# Algorithm Analysis

A simple runtime analysis example. Notice that in each version of the algorithm, we count the steps (to empirically verify the different in runtime)

In [2]:
def disjoint1(A, B, C):
    """Return True if there is no element common to all three lists."""
    i=0
    for a in A:
        for b in B:
            for c in C:
                i += 1
                if a == b == c:
                    print('took {} steps'.format(i))
                    return False # we found a common value
    print('took {} steps'.format(i))
    return True

In [3]:
def disjoint2(A, B, C):
    """Return True if there is no element common to all three lists."""
    i=0
    for a in A:
        for b in B:
            i += 1
            if a == b: # only check C if we found match from A and B
                for c in C:
                    i += 1
                    if a == c: # (and thus a == b == c)
                        print('took {} steps'.format(i))
                        return False # we found a common value
    print('took {} steps'.format(i))
    return True # if we reach this, sets are disjoint

`disjoint1` should take $O(n^3)$ steps to run, why?

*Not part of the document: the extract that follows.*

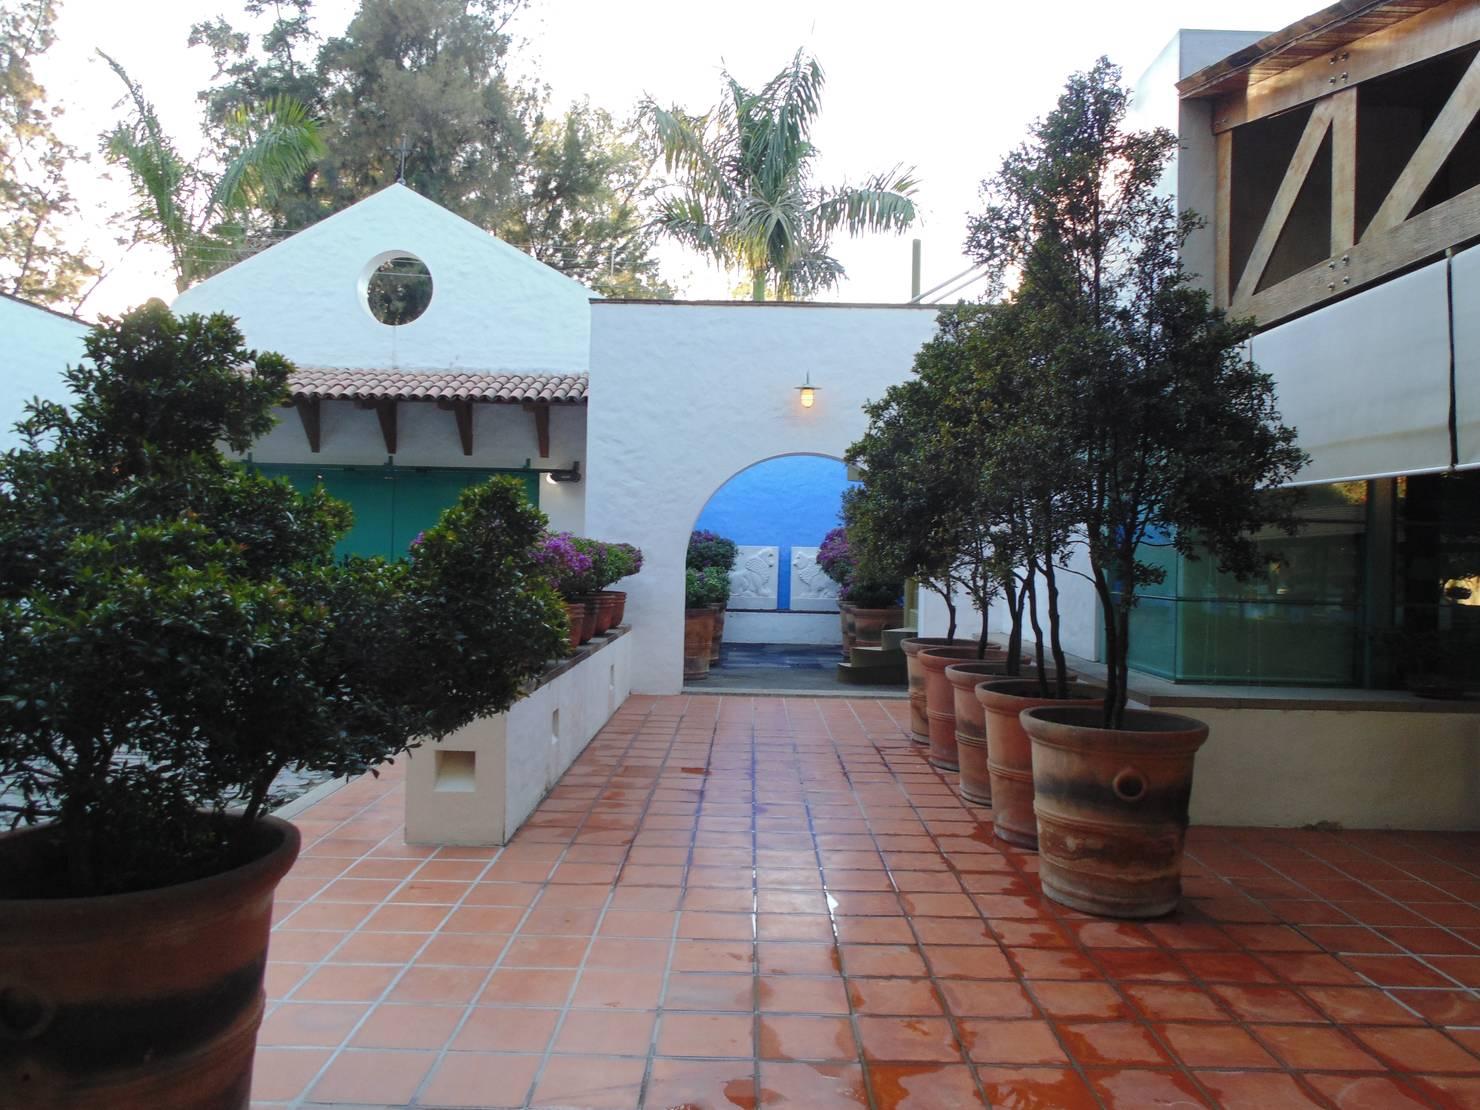 20 pavimentos para el suelo de tu patio y entrada ¡maravillosos!

* the outermost loop is $O(n)$
* for each of the $O(n)$ iterations, another loop is run, which is $O(n)$ (so $O(n^2)$ total)
* for each of $O(n^2)$ iterations, a third loop is run, for a total of $O(n^3)$ iterations

In [4]:
disjoint1({1,2,3,4,5},{6,7,8,9,10},{11,12,13,14,15})
#dis.dis(disjoint1)

took 125 steps


True

`disjoint2` should take $O(n^2)$ steps to run, why?

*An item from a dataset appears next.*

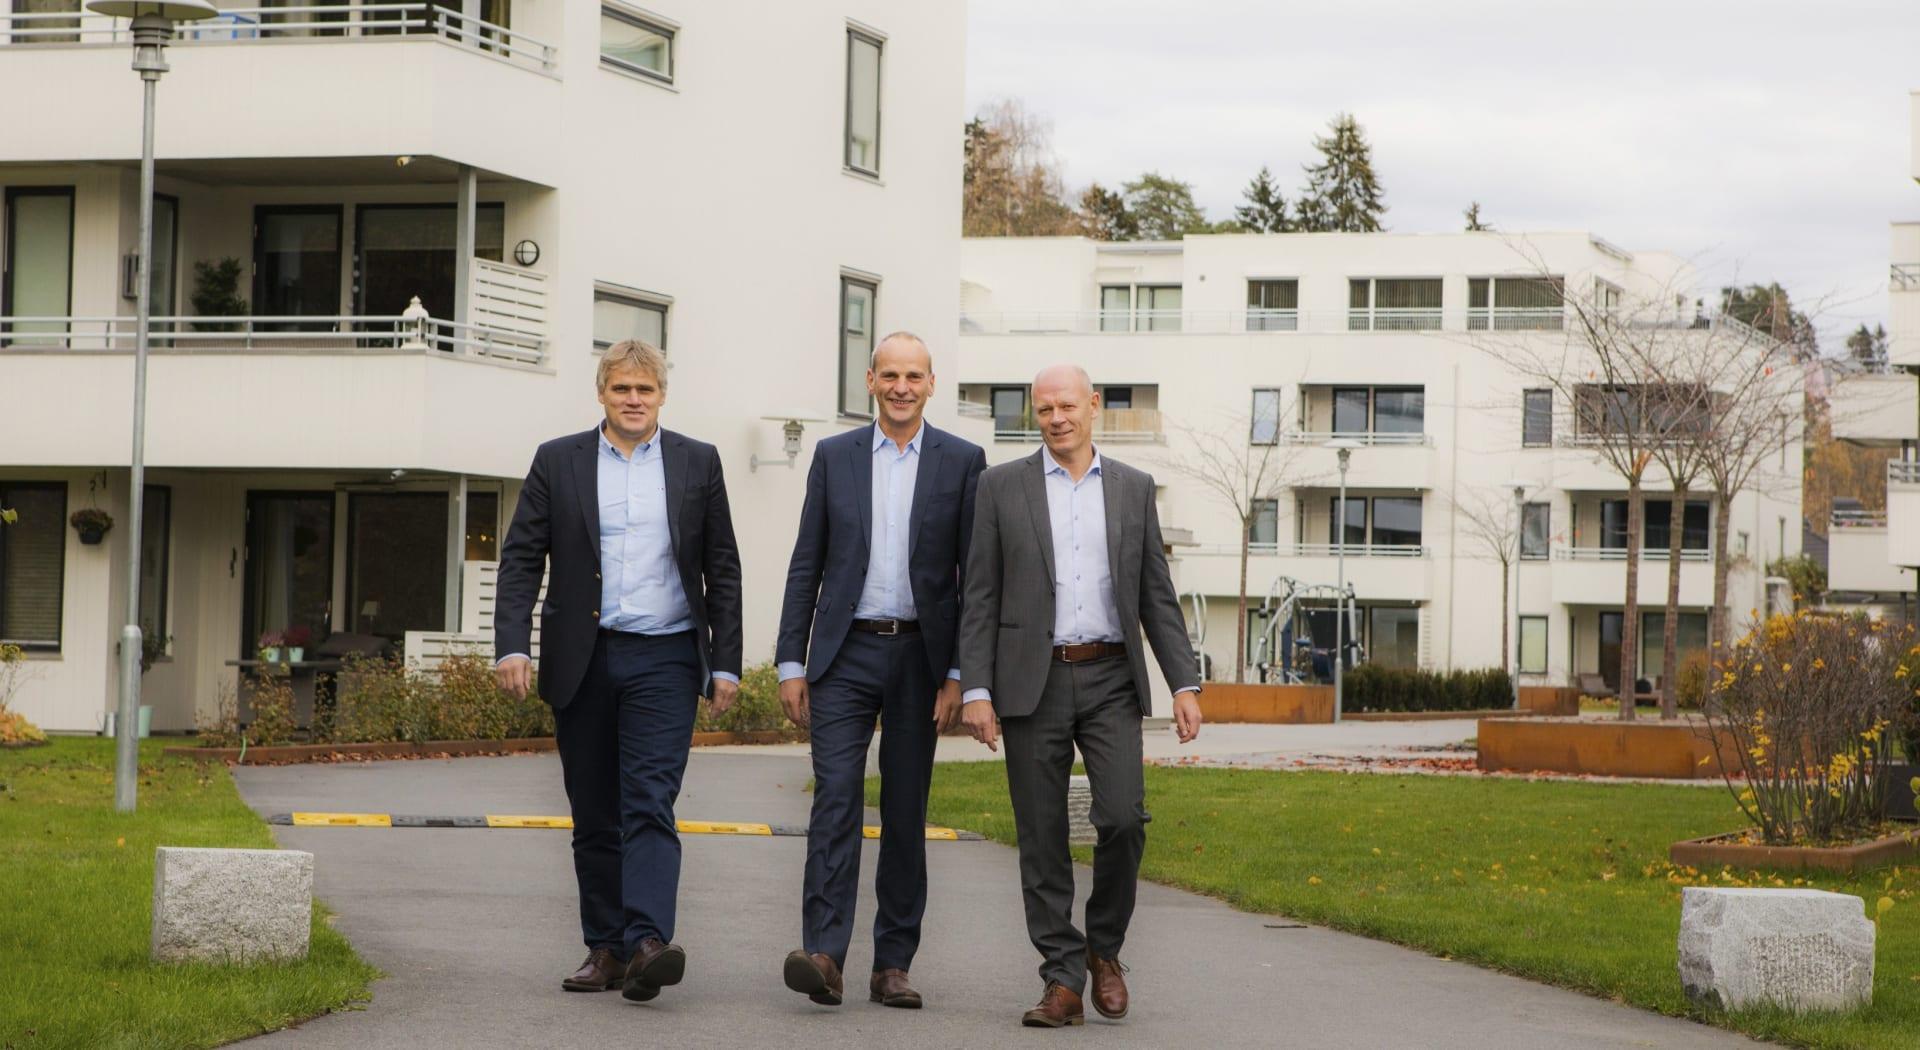 Foto: Kjetil Runningen (h), Peab,  Lasse Skjelbred, Conceptor Bolig og John Ivar Mejlander-Larsen, Peab

* the outermost loop is $O(n)$
* for each of the $O(n)$ iterations, another loop is run, which is $O(n)$ (so $O(n^2)$ total)
* Not always will the innermost loop run. It will run at most $n$ times (if $A\subseteq B$ or $B \subseteq A$)
* For each of the (at most) $O(n)$ iterations when $a==b$, a third loop is run, for a total of $O(n^2)$ iterations

Hence, $O(n^2)+O(n^2)$ is $O(n^2)$

All 3 sets disjoint scenerio. Notice the inner loop never executes.

In [5]:
disjoint2({1,2,3,4,5},{6,7,8,9,10},{11,12,13,14,15})

took 25 steps


True

Worst case scenerio. Notice the inner loop executes all $n$ times

In [6]:
disjoint2({1,2,3,4,5},{1,2,3,4,5},{11,12,13,14,15})

took 50 steps


True

Best case scenerio. A common value is immediately found

In [7]:
disjoint2({1,2,3,4,5},{1,2,3,4,5},{1,2,3,4,5})

took 2 steps


False

We can see the low level code using the `dis` module

In [8]:
#import dis
#dis.dis(disjoint1)

# Recursion

## Binary Search

Consider the following binary search algorithm

In [35]:
def binary_search(data, target, low, high):
    """
    Return True if target is found in indicated portion of a 
    Python list. The search only considers the portion from 
    data[low] to data[high] inclusive
    """
    if low > high:
        return False
    else:
        mid = (low + high)//2
        print('low : {}, mid: {}, high: {}'.format(low, mid, high))  # track progress
        if target == data[mid]:
            return True
        elif target < data[mid]:
            return binary_search(data, target, low, mid-1)
        elif target > data[mid]:
            return binary_search(data, target, mid+1, high)

In [36]:
data = [2,4,5,7,8,9,12,14,17,19,22,25,27,28,33,37]
binary_search(data,22,0,15)

low : 0, mid: 7, high: 15
low : 8, mid: 11, high: 15
low : 8, mid: 9, high: 10
low : 10, mid: 10, high: 10


True

See the image for a visualization of the execution of this function

![](images/binary_search.png)

## Disk Utility

Consider the following program to calculate disk usage (like `du` in Unix)

In [63]:
import os

def disk_usage(path):
    """Return the number of bytes used by a file/folder and any descendents."""
    total = os.path.getsize(path)                    # account for direct usage
    if os.path.isdir(path):                          # if this is a directory,
        for filename in os.listdir(path):            # then for each child:
            childpath = os.path.join(path, filename) # compose full path to child
            total += disk_usage(childpath)           # add child’s usage to total
    print ( '{0:<7}'.format(total), path)            # descriptive output (optional)
    return total                                     # return the grand total

In [64]:
disk_usage('/network/home/sciclunm/research/coding_tests_repo/algorithmic_analysis/')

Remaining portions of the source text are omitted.